**SOURCE RECORDS:**
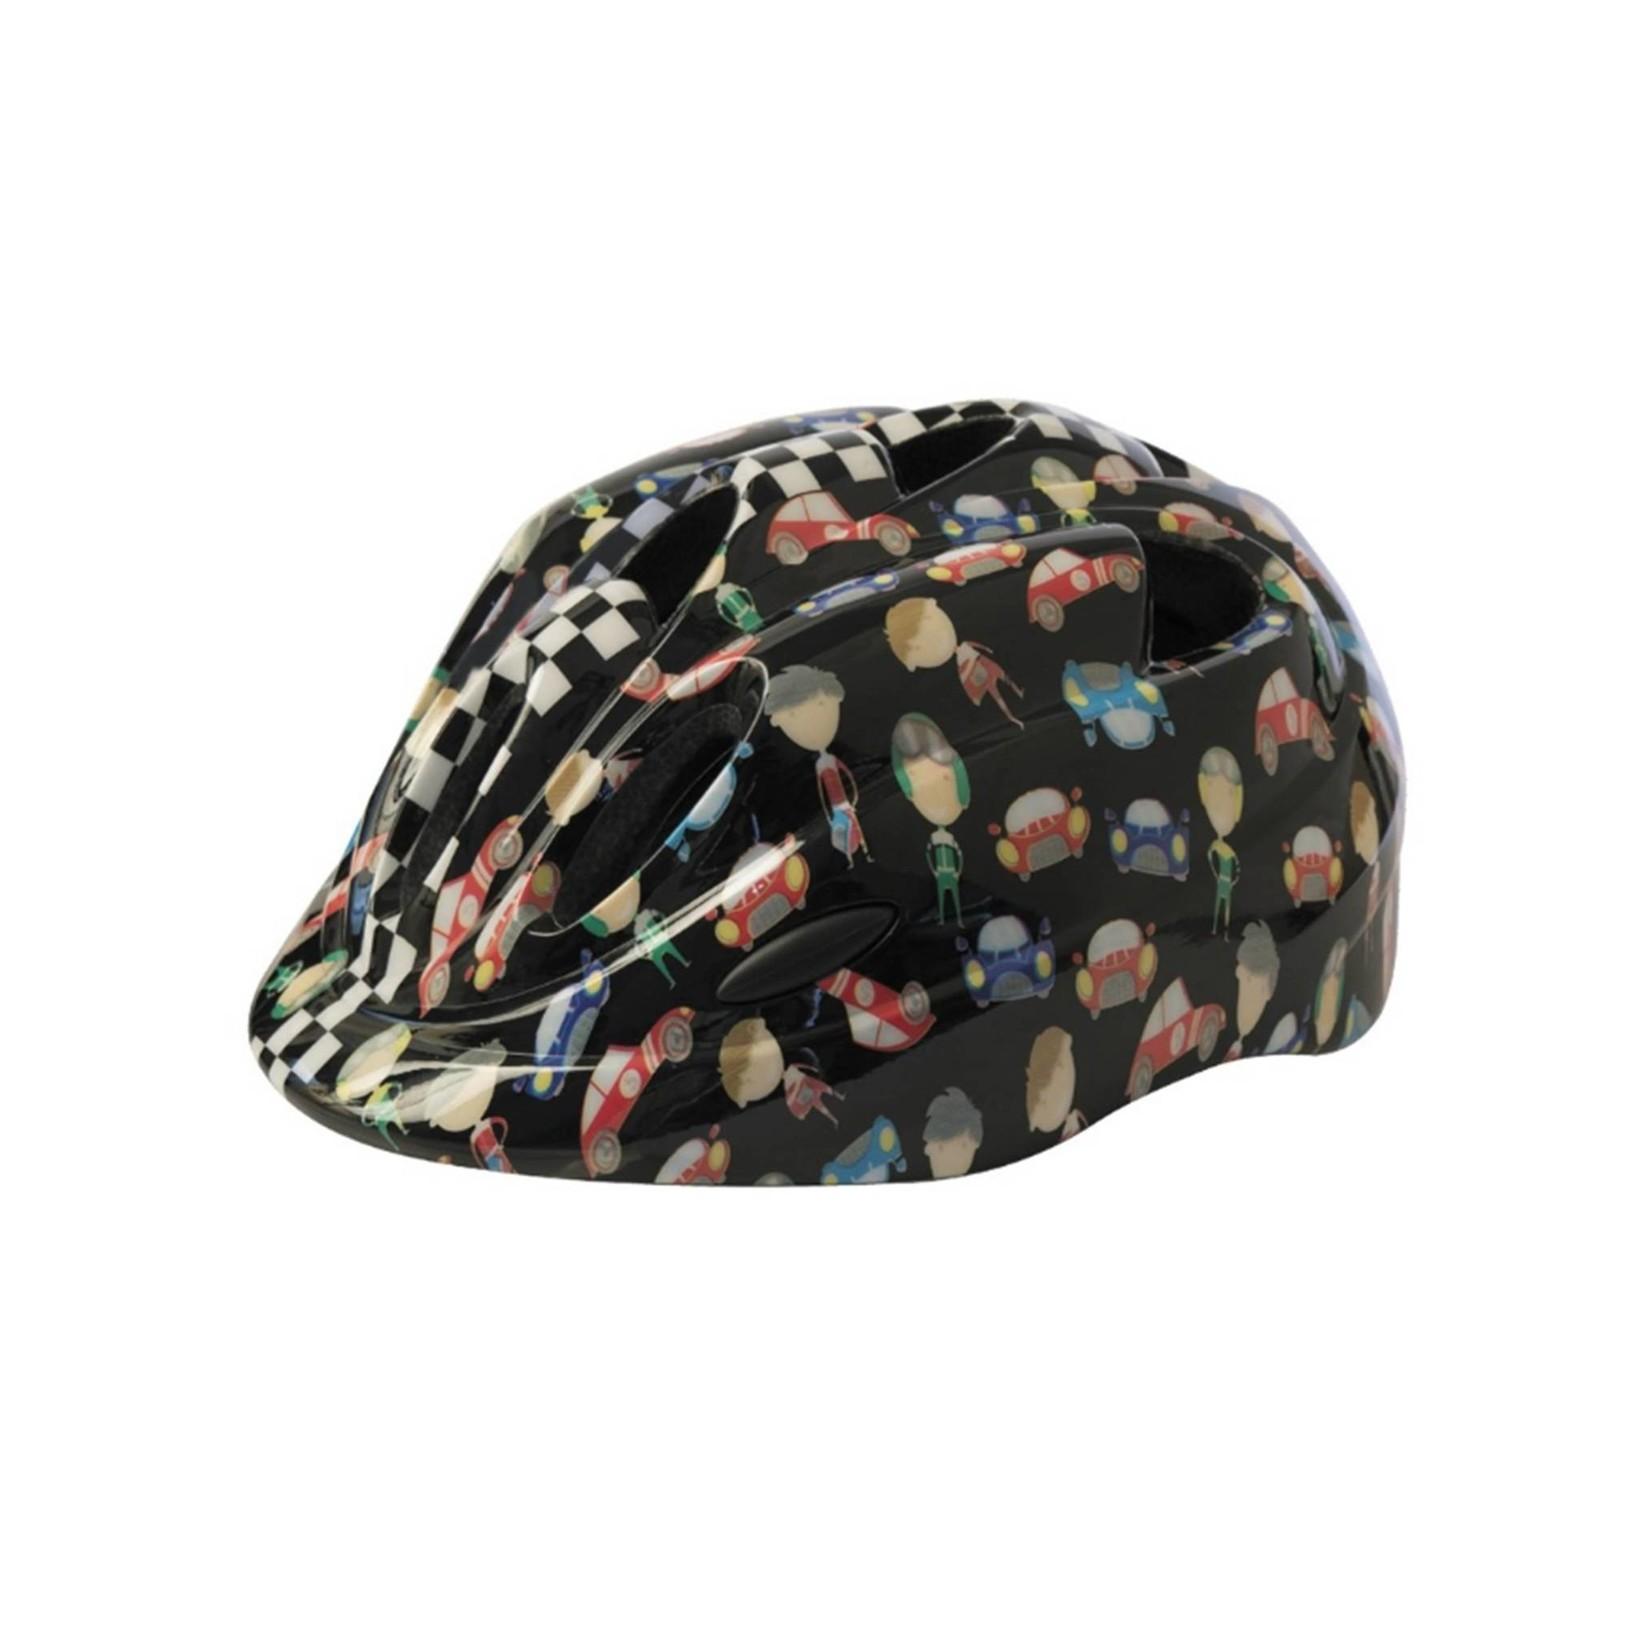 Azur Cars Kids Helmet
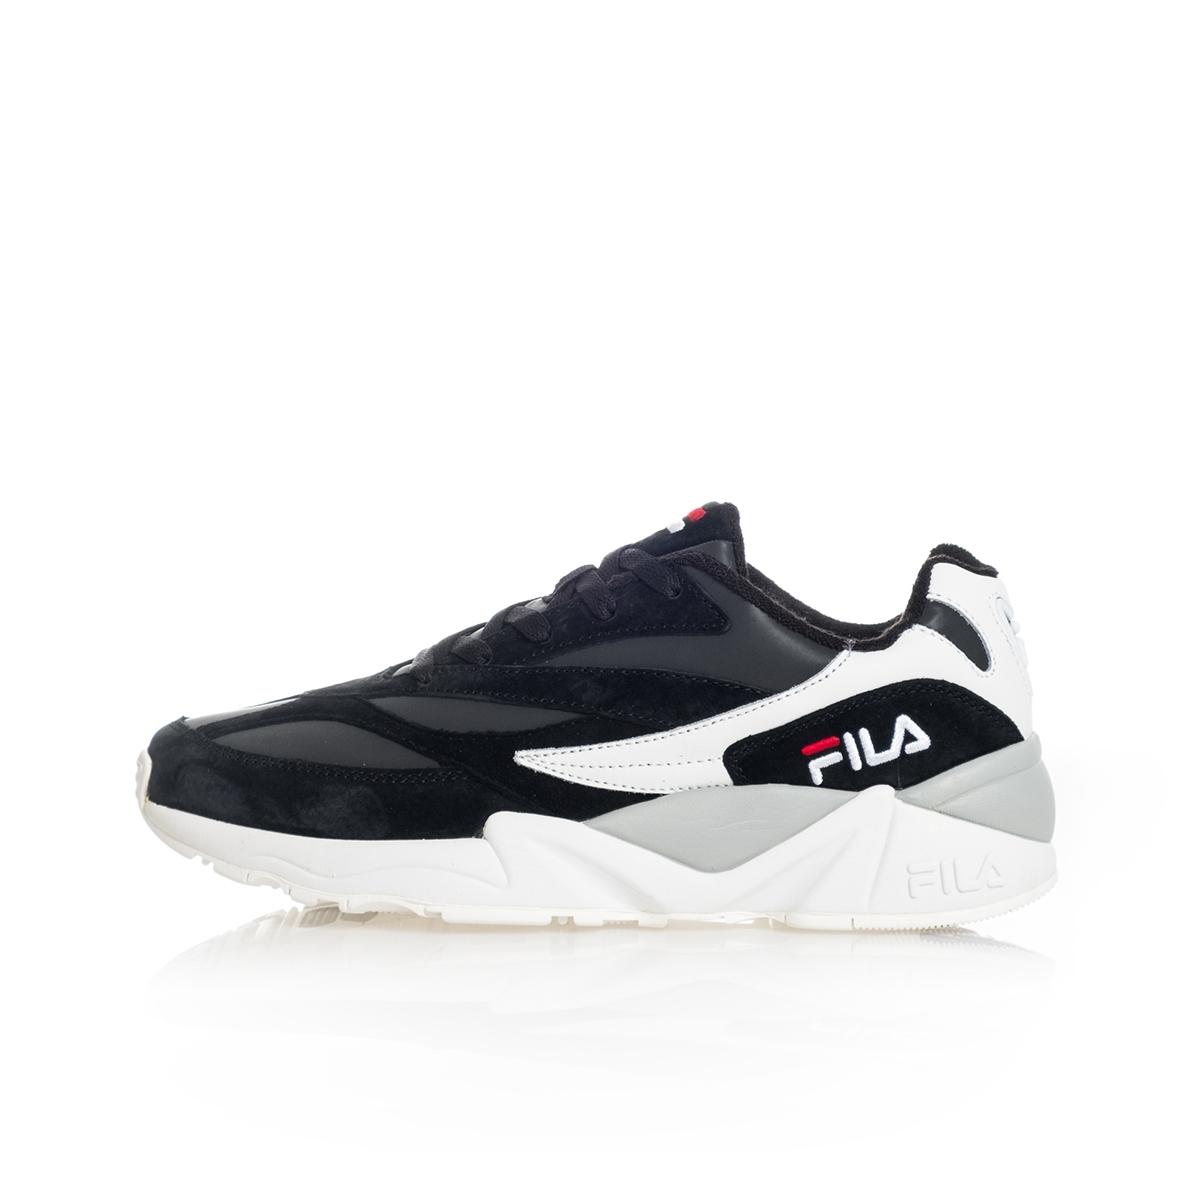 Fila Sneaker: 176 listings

==

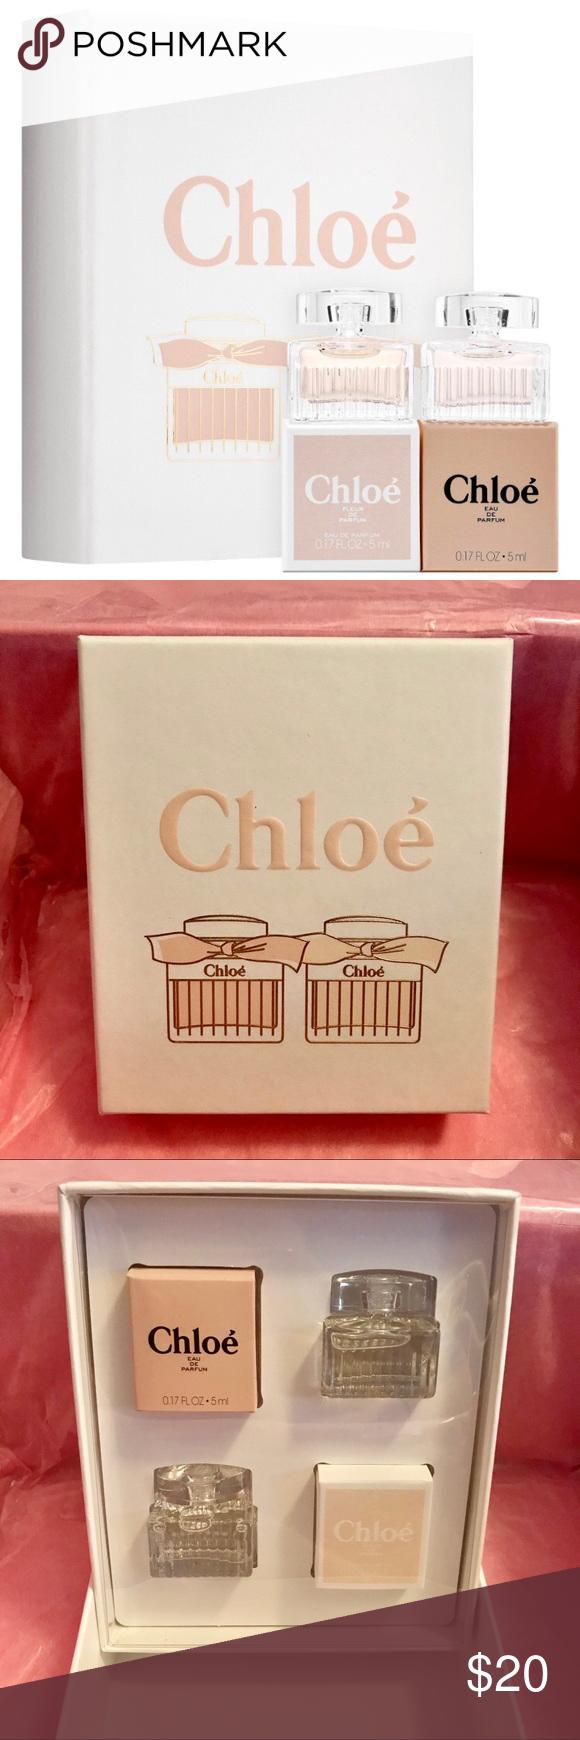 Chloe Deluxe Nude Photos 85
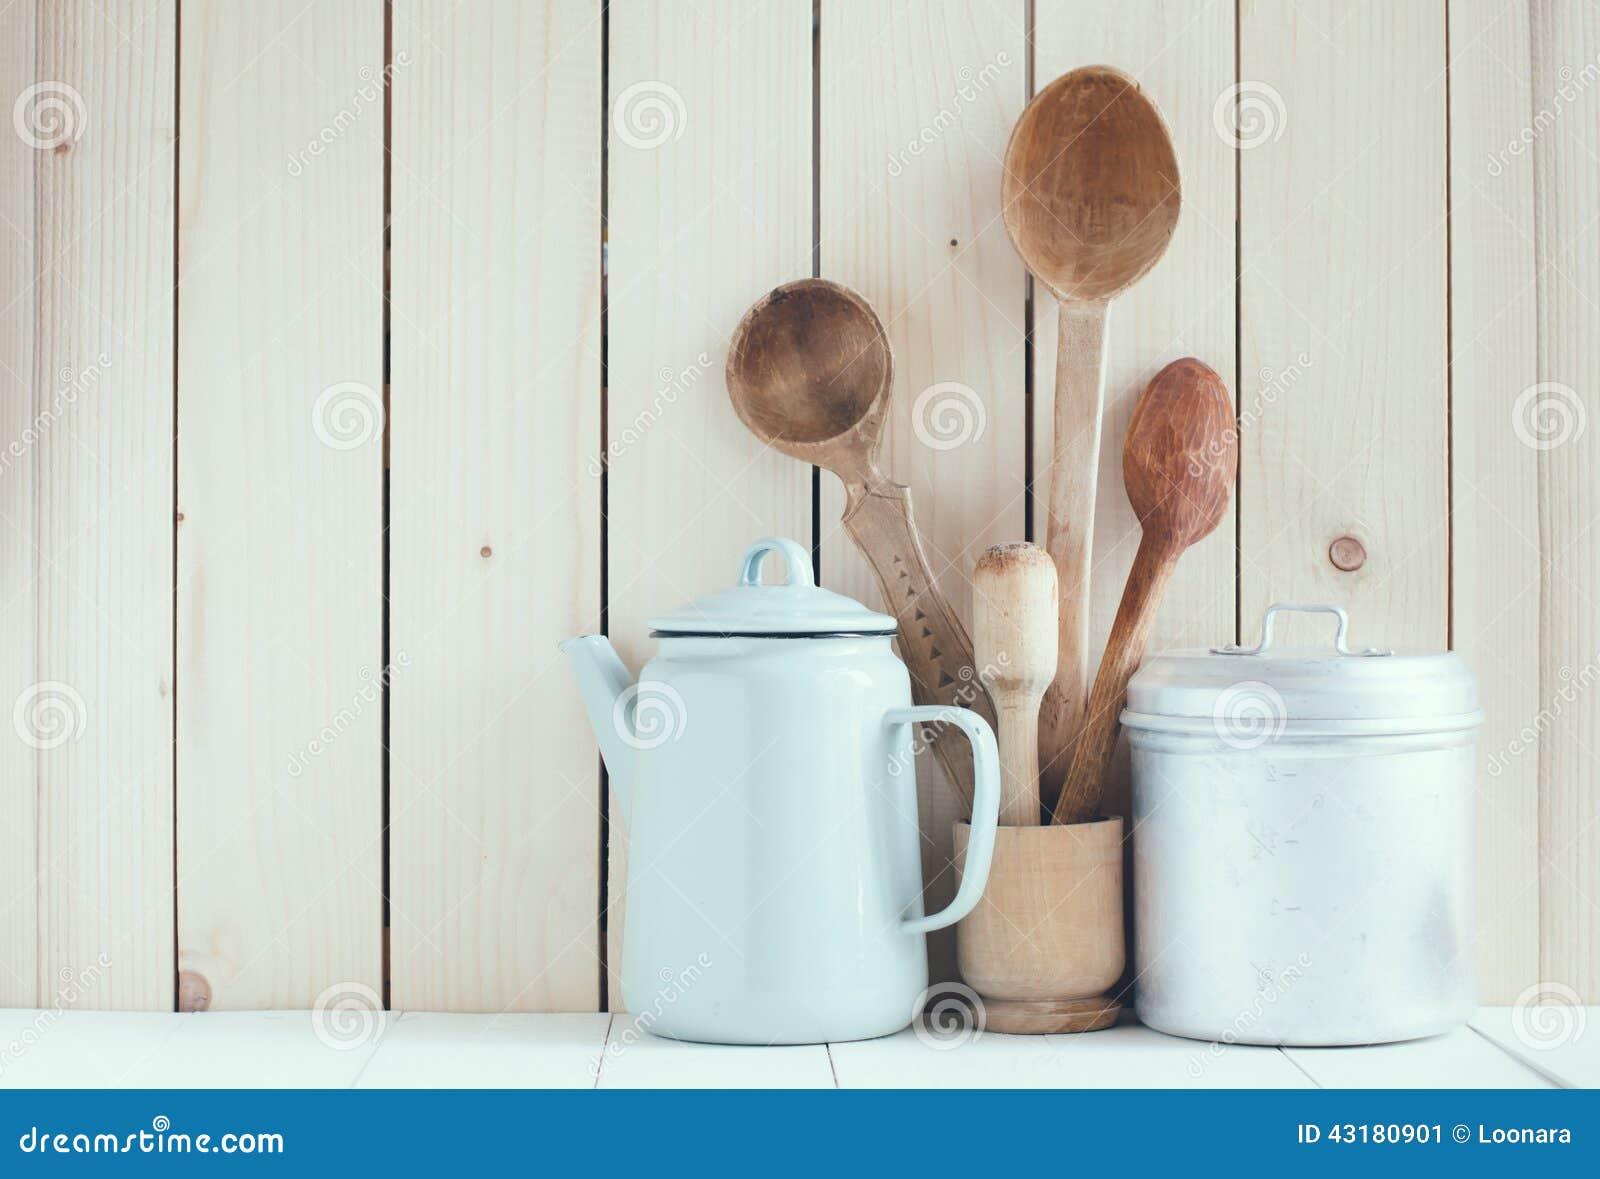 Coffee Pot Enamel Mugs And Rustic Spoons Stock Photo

**TASK DESCRIPTION:** "Azur Cars Kids Helmet" marks the first line to copy, and "Fila Sneaker: 176 listings" marks the last. Repeat that stretch above exactly, with no pictures.

**YOUR SOLUTION:**
 Azur Cars Kids Helmet
 Fila Sneaker: 176 listings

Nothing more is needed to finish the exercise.